* _EXERCISE PROMPT_
Return exactly those lines of the material below that fall between the line holding "Kyoukai Senjou no" and the line holding "Chrome-Canary-116-Dev-theme-darker", inclusive.

BEGIN EXCERPTED RECORDS

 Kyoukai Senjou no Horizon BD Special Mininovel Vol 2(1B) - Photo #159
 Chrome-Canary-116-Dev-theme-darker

END EXCERPTED RECORDS
BEGIN EXCERPTED RECORDS

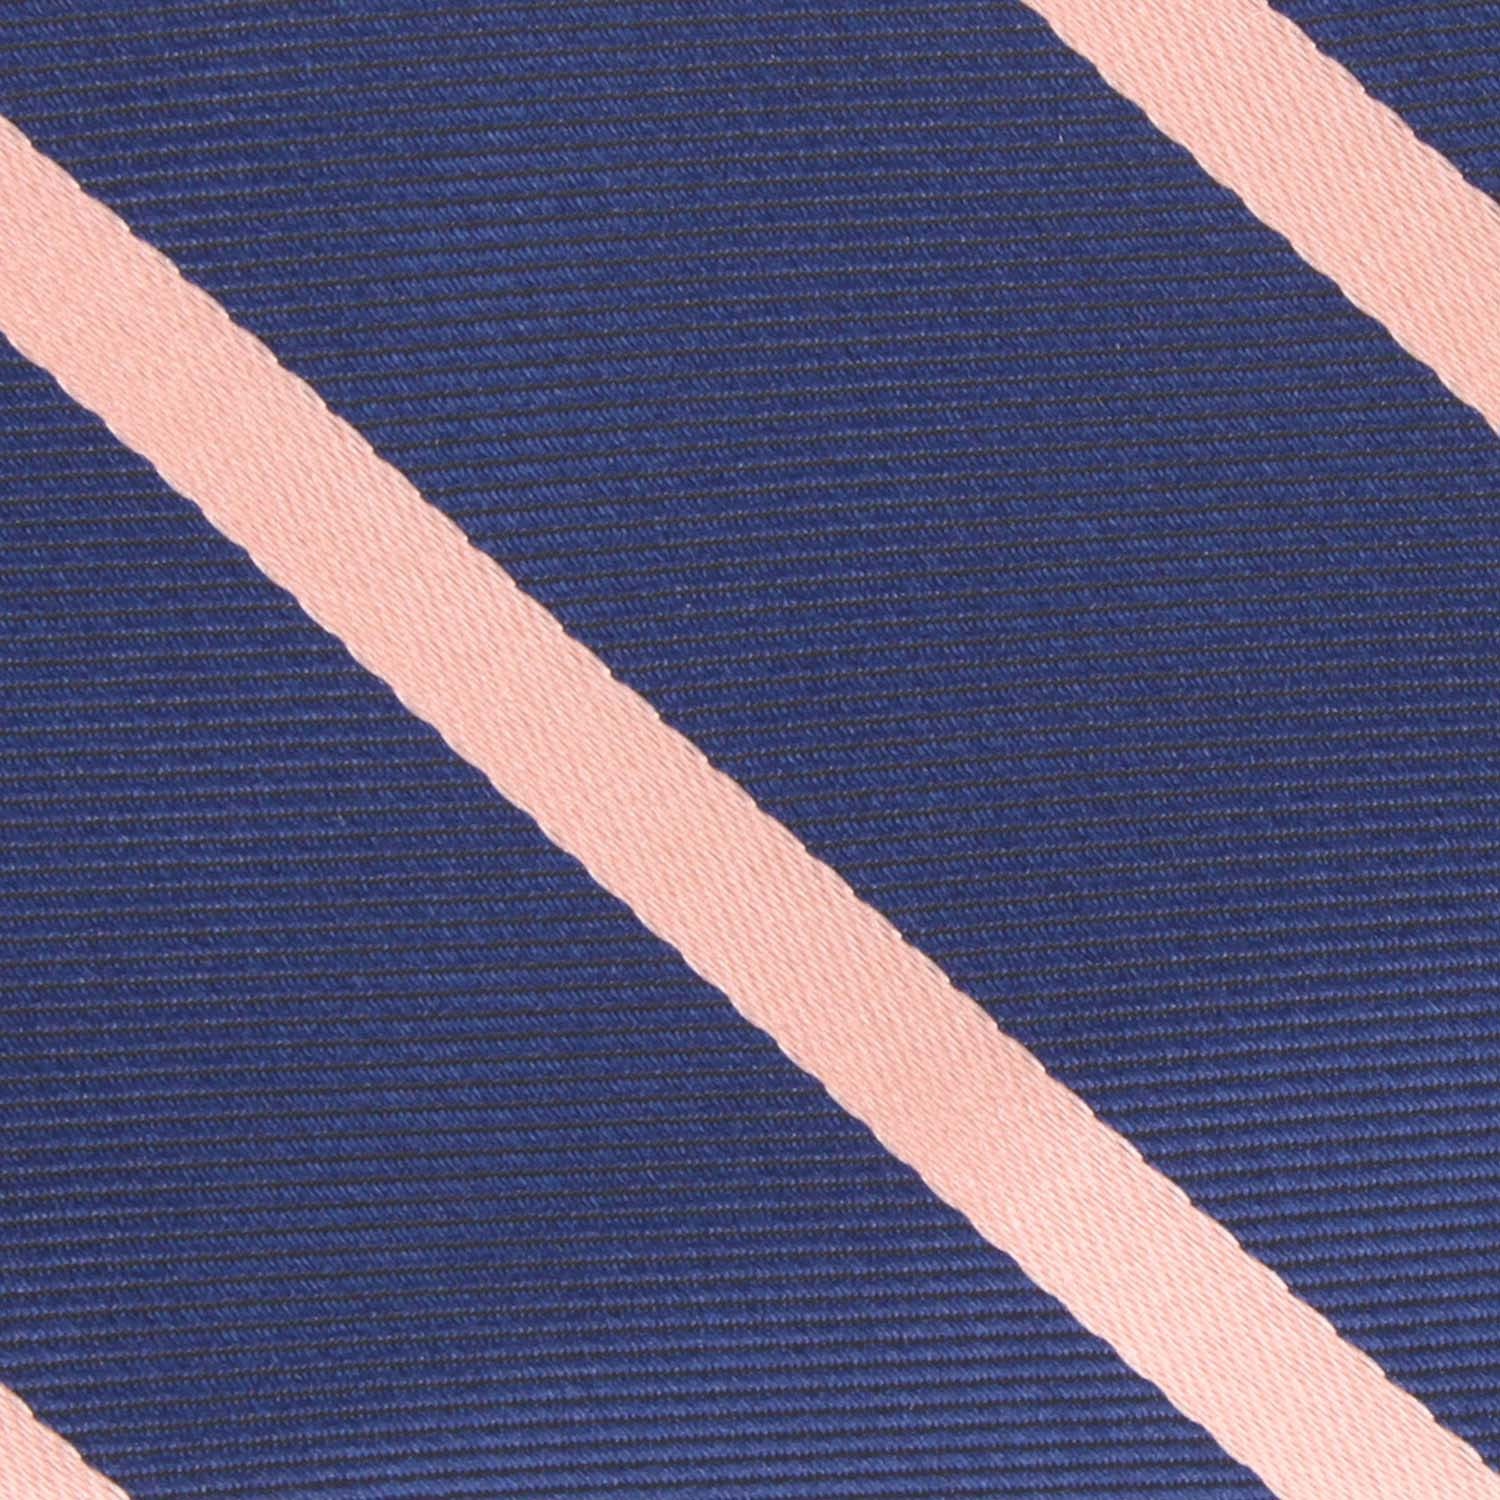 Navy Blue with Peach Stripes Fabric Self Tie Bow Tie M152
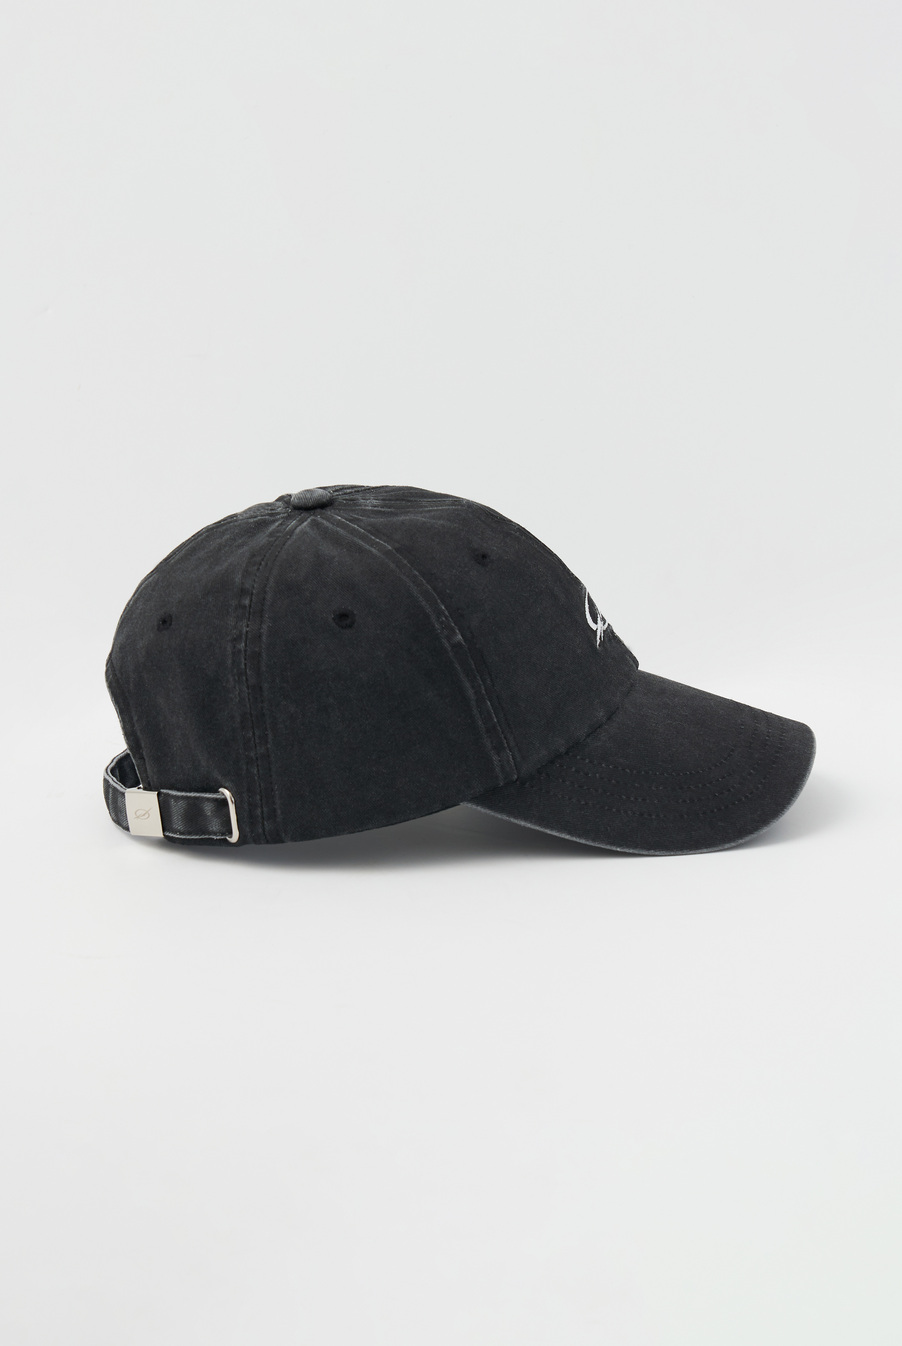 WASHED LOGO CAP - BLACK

END EXCERPTED RECORDS
BEGIN EXCERPTED RECORDS

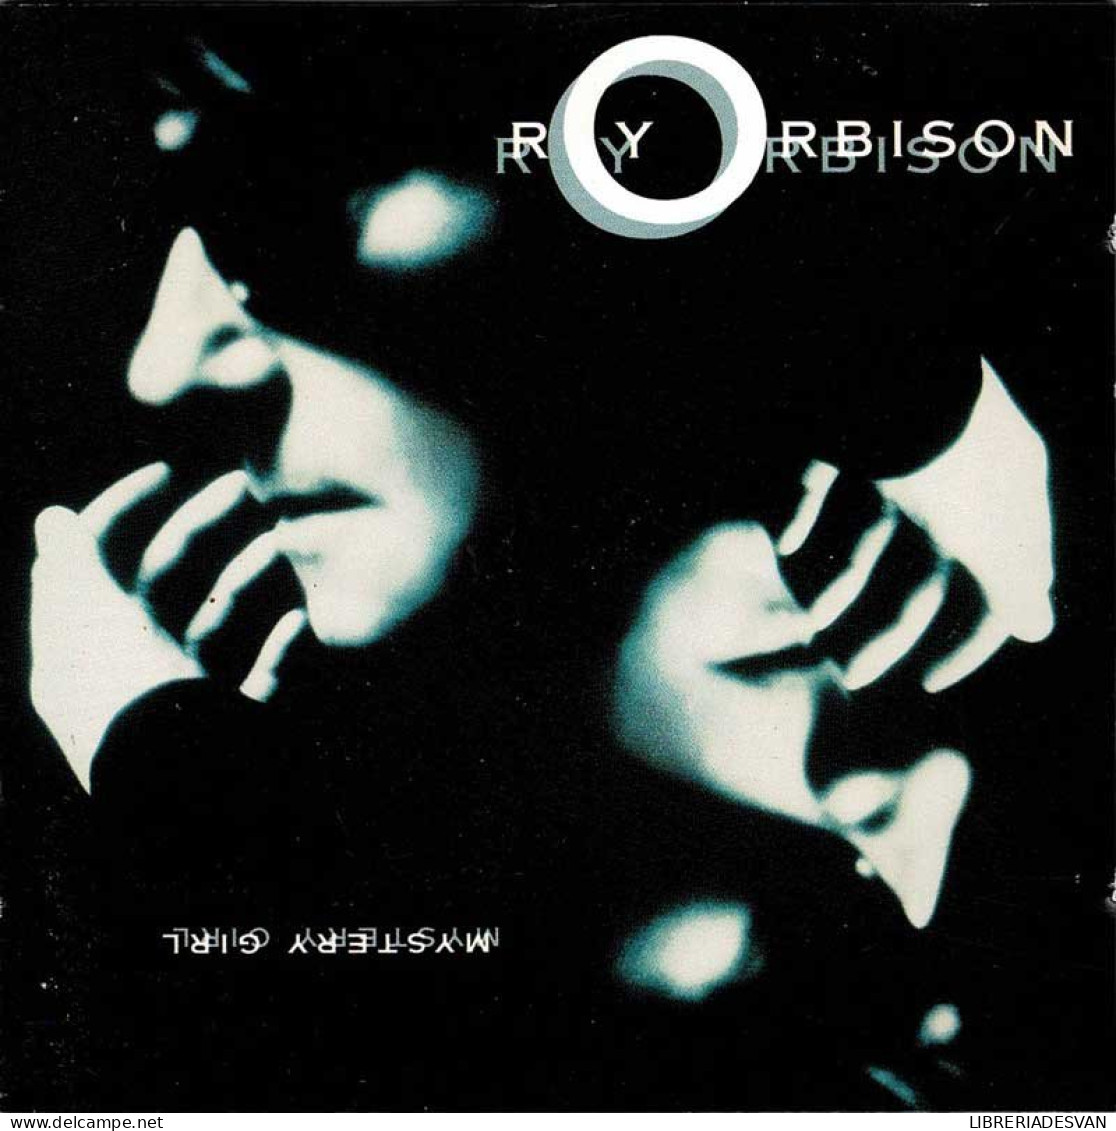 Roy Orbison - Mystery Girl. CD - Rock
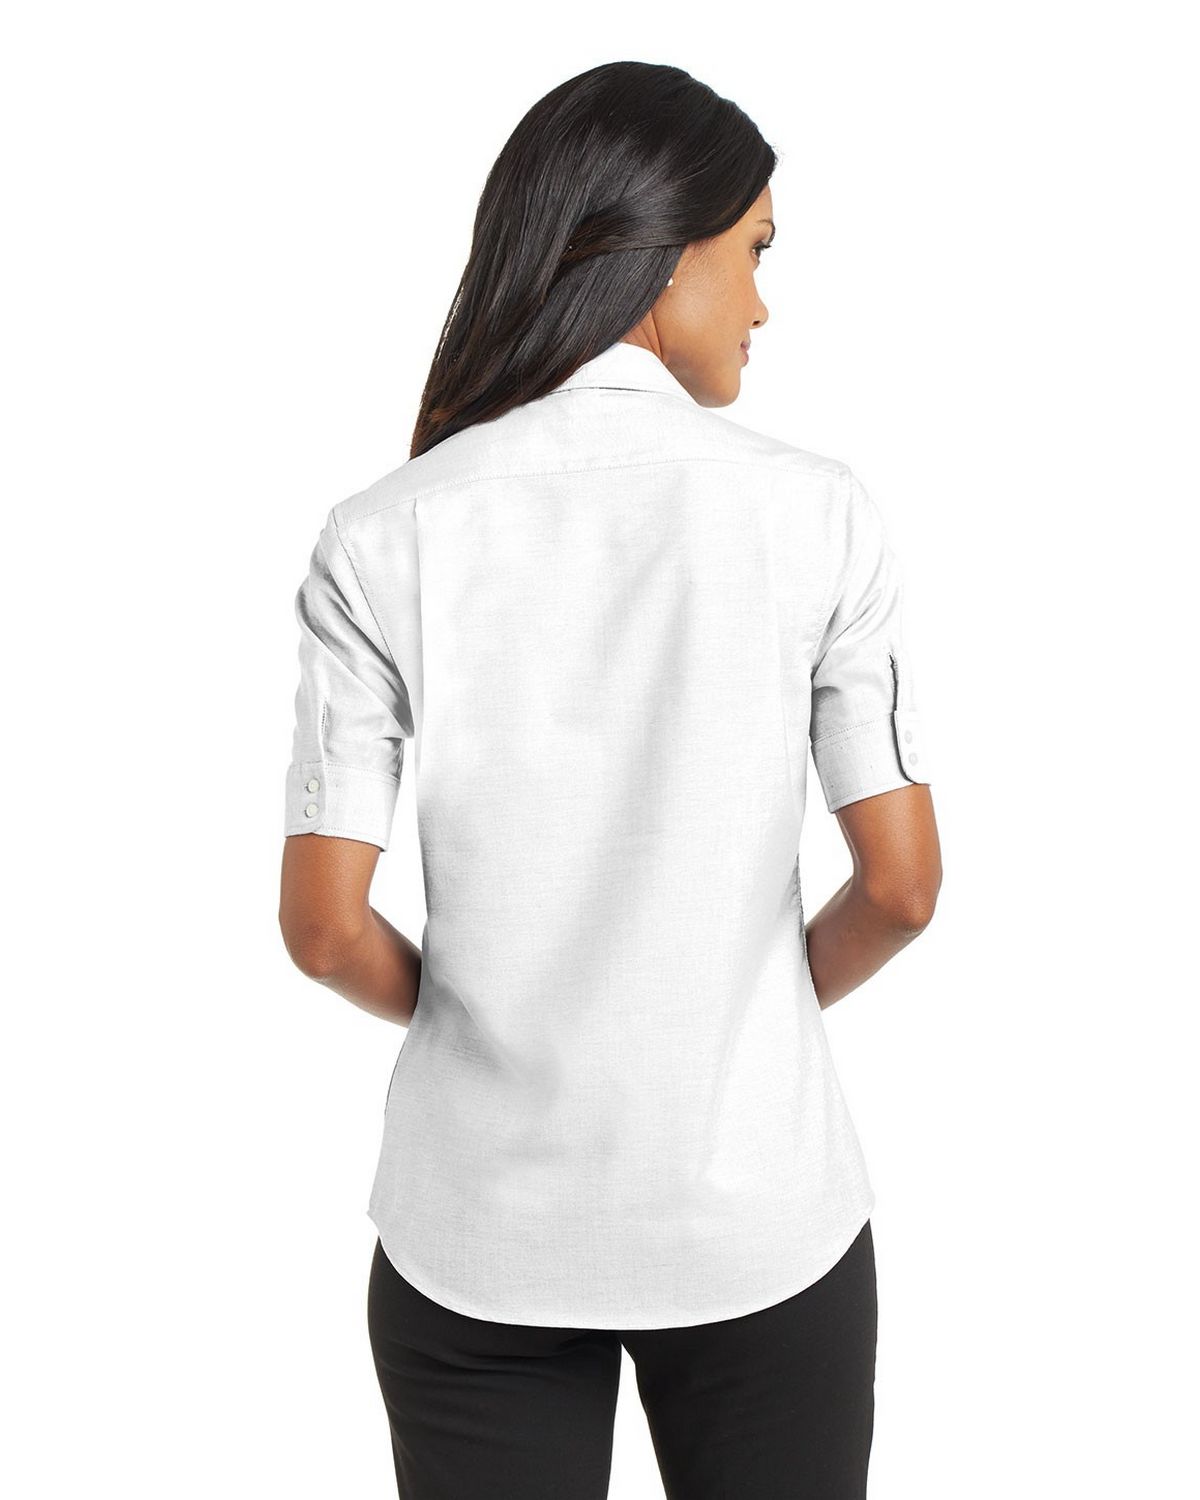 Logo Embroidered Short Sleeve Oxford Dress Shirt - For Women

END EXCERPTED RECORDS

* _EXERCISE OUTPUT_
 Kyoukai Senjou no Horizon BD Special Mininovel Vol 2(1B) - Photo #159
 Chrome-Canary-116-Dev-theme-darker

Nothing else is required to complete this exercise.